AVAILABLE DATA |
::::::

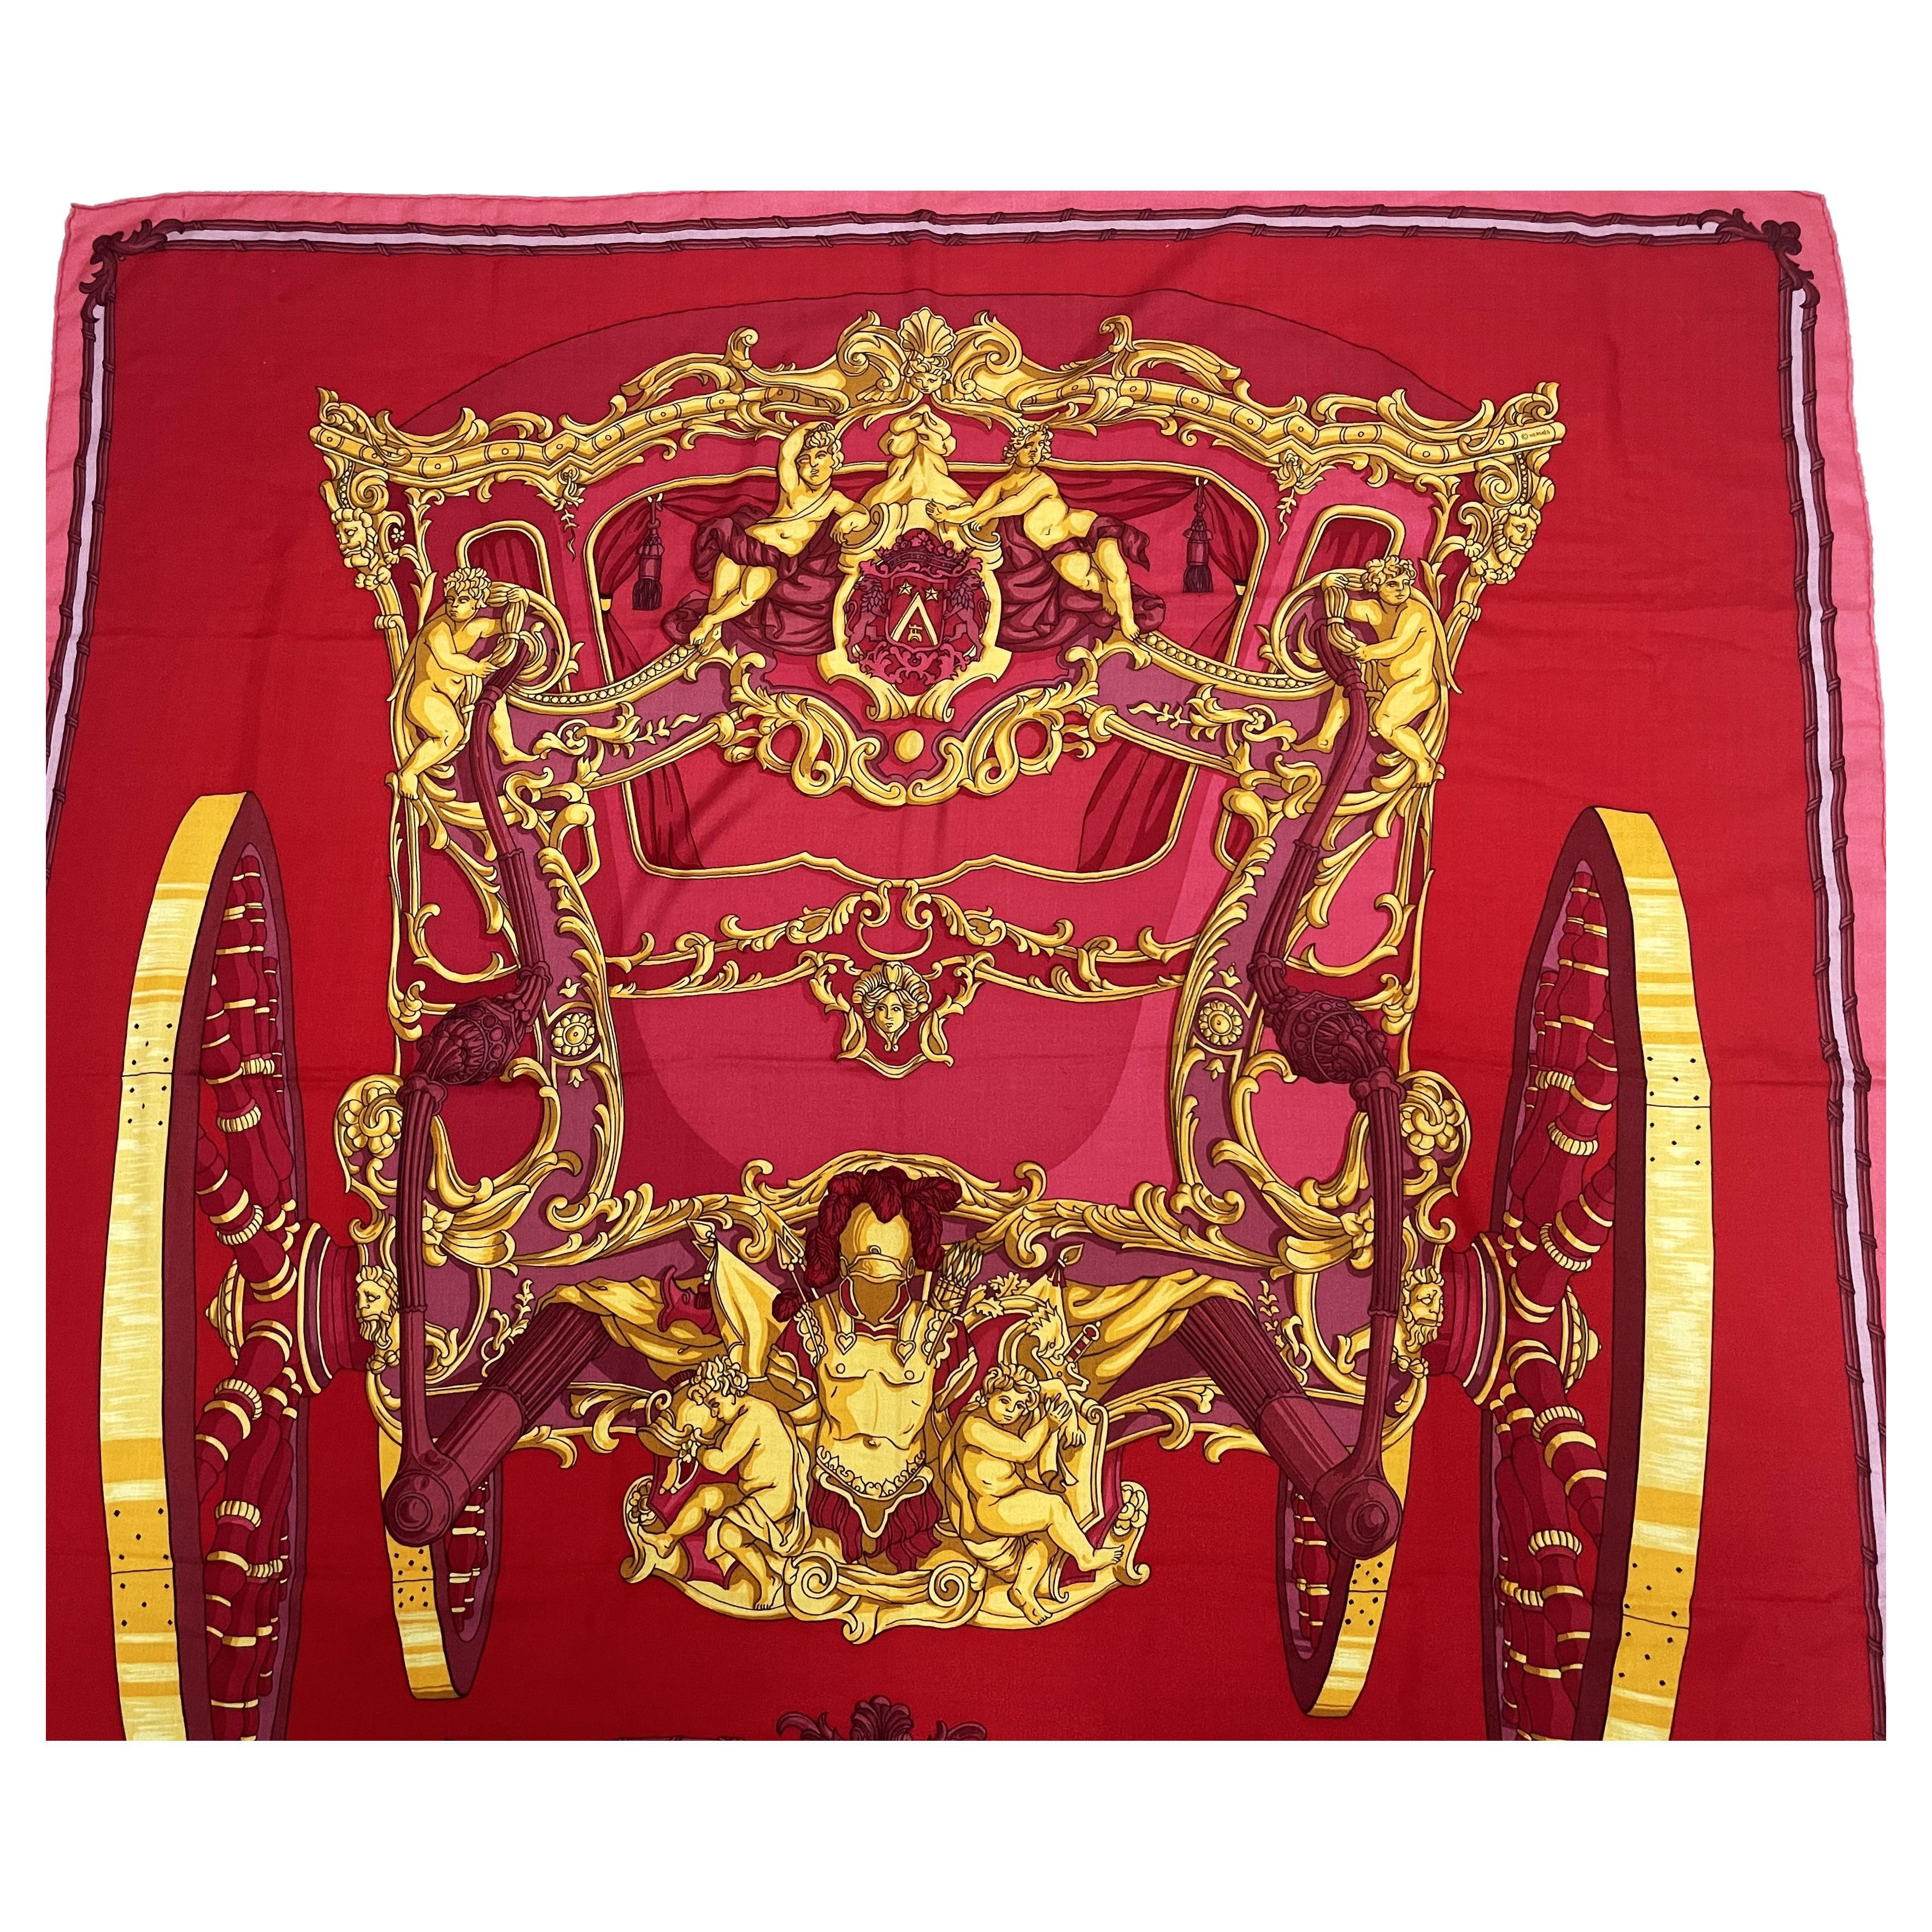 Très belle écharpe décorative de 140 cm x 140 cm en 65% cachemire et 35% soie dans les couleurs rouge, jaune et rose.

Le thème de la grande collection Hermes Shawel  est :
GRAND CARROSSE povr by AMBASSADEVR par HERMES A PARIS' ANNO MDCC :

::::::

TASK ITEM | Repeat exactly, and only, the lines from the one containing "Le thème de" through the end of the material.

RESULT |
Le thème de la grande collection Hermes Shawel  est :
GRAND CARROSSE povr by AMBASSADEVR par HERMES A PARIS' ANNO MDCC :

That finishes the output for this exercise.